2011 Willi Schaefer Graacher Domprobst Riesling Auslese #14 (Previously 100)

SKU #1135349 94 points Robert Parker's Wine Advocate

 The Schaefer 2011 Graacher Domprobst Riesling Auslese A.P. #14 turns a corner in fruit character, with musk melon and papaya, quince and honey signifying both botrytis and a riper sense of the healthy berries that were included. At the same time, the heady, haunting and seductive floral alliance of wisteria, rowan, and honeysuckle from the Spatlese #9 returns. Yet for all of this wine’s creaminess, rounded, honeyed richness, tropicality; and liquid florality, it somehow taps a seam of juicy primary apple-y fruit to insure that the finish lives up to its levity with a modicum of refreshment and an inducement to take the next sip.
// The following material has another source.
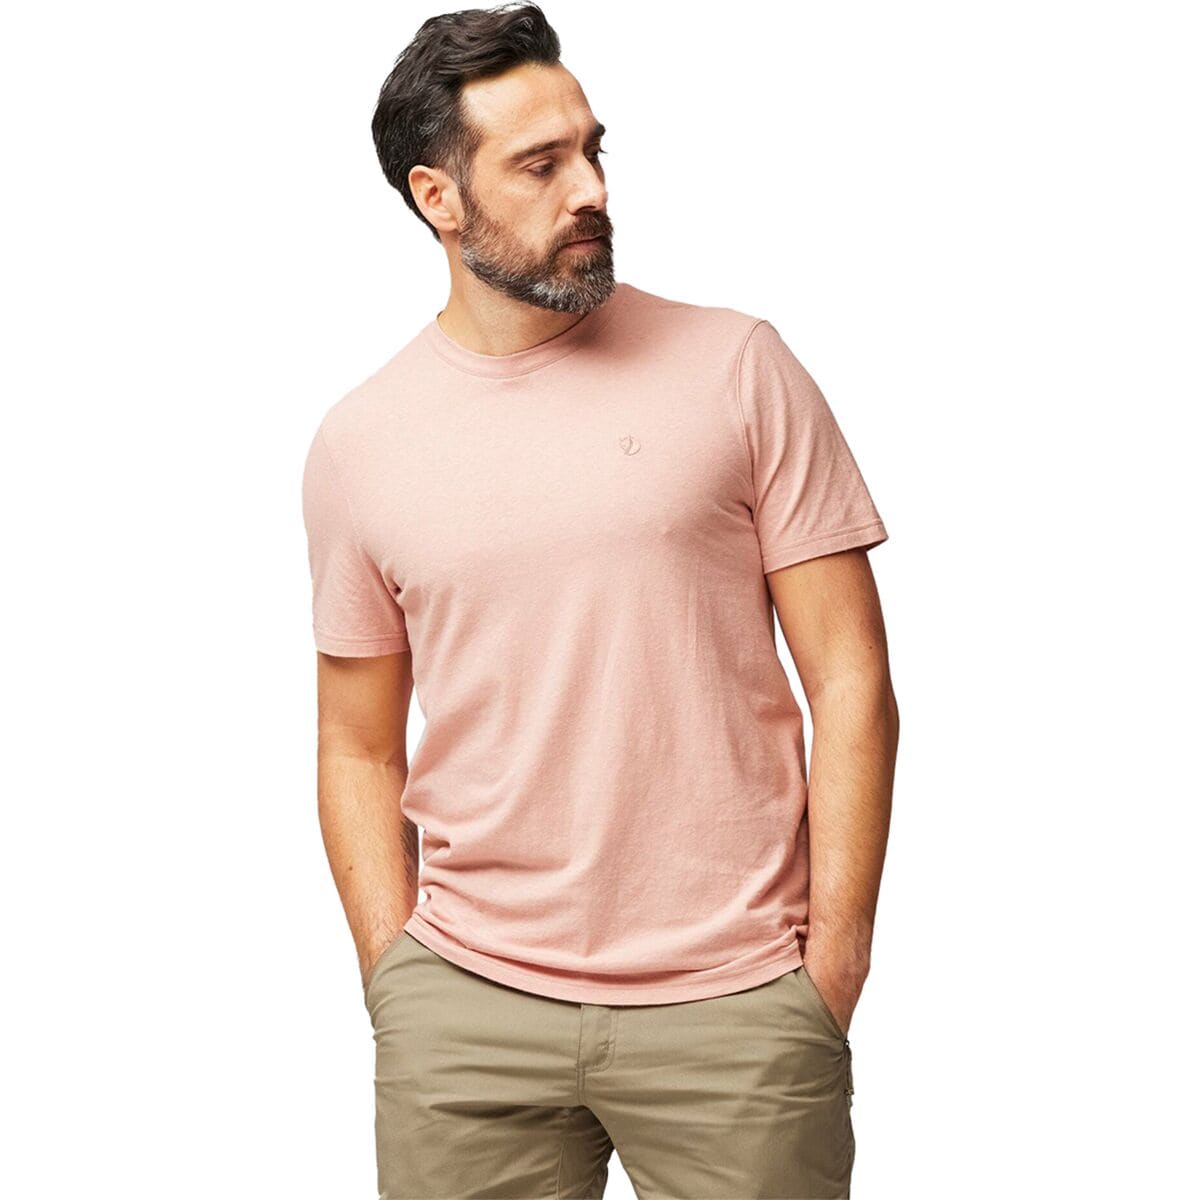 Hemp Blend T-Shirt - Men

I imagine this will be worth following for 30-40 years. (DS)  (4/2013)

92 points Vinous

 Pale golden-yellow. Rich bouquet of mango, pineapple and nut oil, with just a hint of honeyed botrytis. Unctuous apricot fruit shows a flattering creaminess and elegant minerality. Nice touch of brown spices on the elegant finish. (JPB)  (1/2013)

Jancis Robinson

 More orange and apricot dominating the fruit aroma. Spiced honey. Sweetness and acidity well balanced and showing the overall gentleness of this approachable vintage. 17/20 points  (2/2013)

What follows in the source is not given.